Ora, a fundamentação deste acórdão merece concordância. Assim, também aqui, como ali, com esse fundamento, é de reconhecer como válido o exercício do direito potestativo de oposição à transmissão do seu contrato de trabalho, feito de forma fundada pelo Autor, de onde resulta o reconhecimento de que o seu vínculo laboral não se transmitiu para a YY, Lda., mantendo-se a Ré na posição de empregadora.»
A Recorrente, em suma, veio defender que o direito de oposição não visa ser válvula de escape perante situações de ilegal recusa da transmissão de estabelecimento e assumpção de contrato de trabalho pela transmissária, que a decisão recorrida não acautela interesses empresariais inerentes à transmissão de unidade económica e que as situações de prejuízo sério do trabalhador e desconfiança relativamente à política de organização do trabalho do adquirente pressupõem a alegação e prova de indícios materiais que viabilizem um juízo de prognose, o que o Autor não logrou realizar.
Vejamos.
Nos sobreditos termos do Código do Trabalho, o trabalhador pode exercer o direito de oposição à transmissão da posição do empregador no seu contrato de trabalho em caso de transmissão, cessão ou reversão de empresa ou estabelecimento, ou de parte de empresa ou estabelecimento que constitua uma unidade económica, quando aquela possa causar-lhe prejuízo sério, nomeadamente por manifesta falta de solvabilidade ou situação financeira difícil do adquirente ou, ainda, se a política de organização do trabalho deste não lhe merecer confiança. A oposição do trabalhador obsta à transmissão da posição do empregador no seu contrato de trabalho, mantendo-se o vínculo ao transmitente.
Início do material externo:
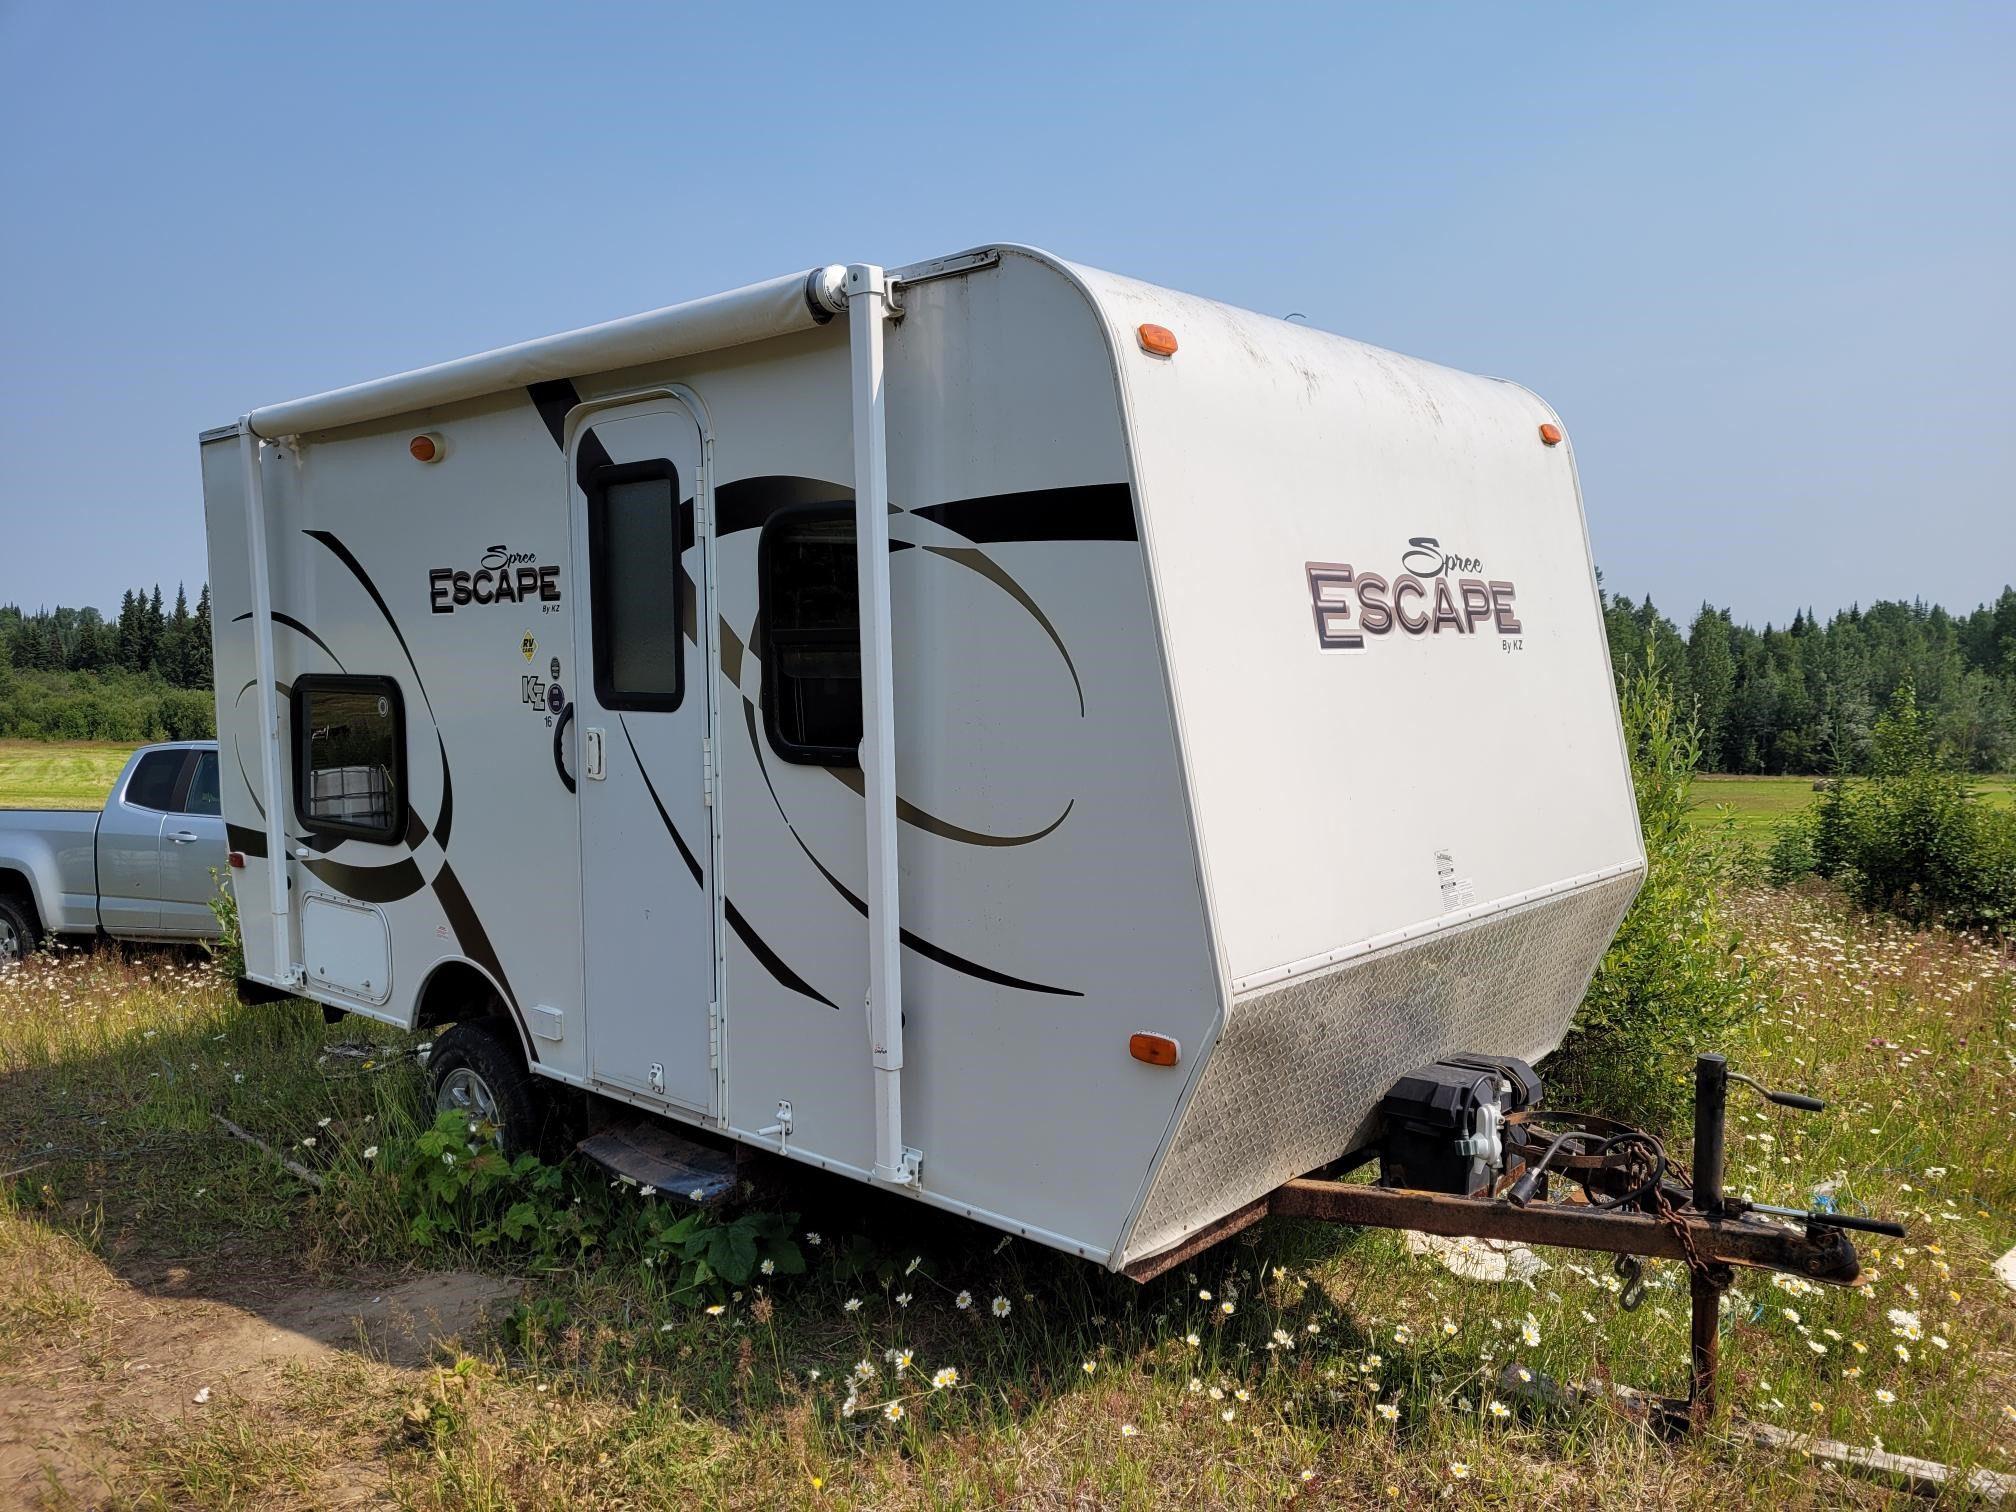 2011 Spree Escape Sportsman #B-PG-0471 Located in Prince George

Ensina Júlio Gomes3, a propósito destes fundamentos, o seguinte:
“O primeiro consiste no temor de um prejuízo sério – este ainda não se verificou, mas pode vir a ocorrer por causa da transmissão da posição de empregador. Exige-se aqui um exercício de prognose, referindo a lei alguns exemplos (“nomeadamente”) de situações em que essa prognose parece justificar-se. Trata-se, em todo o caso, nos exemplos propostos, de situações objectivamente graves como sejam a “manifesta falta de solvabilidade ou situação financeira difícil do adquirente”. Como se trata apenas de exemplos, parece-nos haver espaço para outras situações em que também se pode formular um juízo de prognose de prejuízo sério, como sucederá, por exemplo, com uma mudança significativa de local de trabalho. Mas esta exigência contrasta fortemente com a parte final do mesmo n.º 1: o trabalhador pode, no fim de contas, opor-se à transmissão da posição de empregador simplesmente por “a política de organização do trabalho deste não lhe merecer confiança”. Este último fundamento já foi classificado de subjectivo e insindicável. Com efeito, se for suficiente dizer “não confio na política de organização de trabalho” do transmissário, não se vê como é que se trata aqui de um genuíno fundamento. Dito por outras palavras de que é que adianta o trabalhador ter que referir um fundamento no escrito em que exerce o seu direito de oposição, se o fundamento em causa é totalmente incontrolável e arbitrário? No limite poderá o trabalhador “desconfiar” do que ignora por completo? Se o transmissário é, por hipótese, uma sociedade que só agora se constituiu poderá o trabalhador alegar que desconfia de uma política de organização do trabalho que ainda nem sequer existe? Perguntamo-nos, por isso, se a falta de confiança não terá que assentar em alguns indícios concretos que devam ser referidos, mencionados, tanto no caso de oposição, como no caso de resolução. Reconhecemos, no entanto, que se trata de uma questão muito delicada, tanto mais que a informação a que o trabalhador abrangido pela transmissão da unidade económica tem direito – e que lhe deve ser fornecida directamente pelo seu próprio empregador, o transmitente – não abrange, de acordo com a letra da lei, elementos sobre a política de organização de trabalho do transmissário, mas apenas sobre as medidas (que podem ser, obviamente, medidas de gestão de recursos humanos) por este planeadas.”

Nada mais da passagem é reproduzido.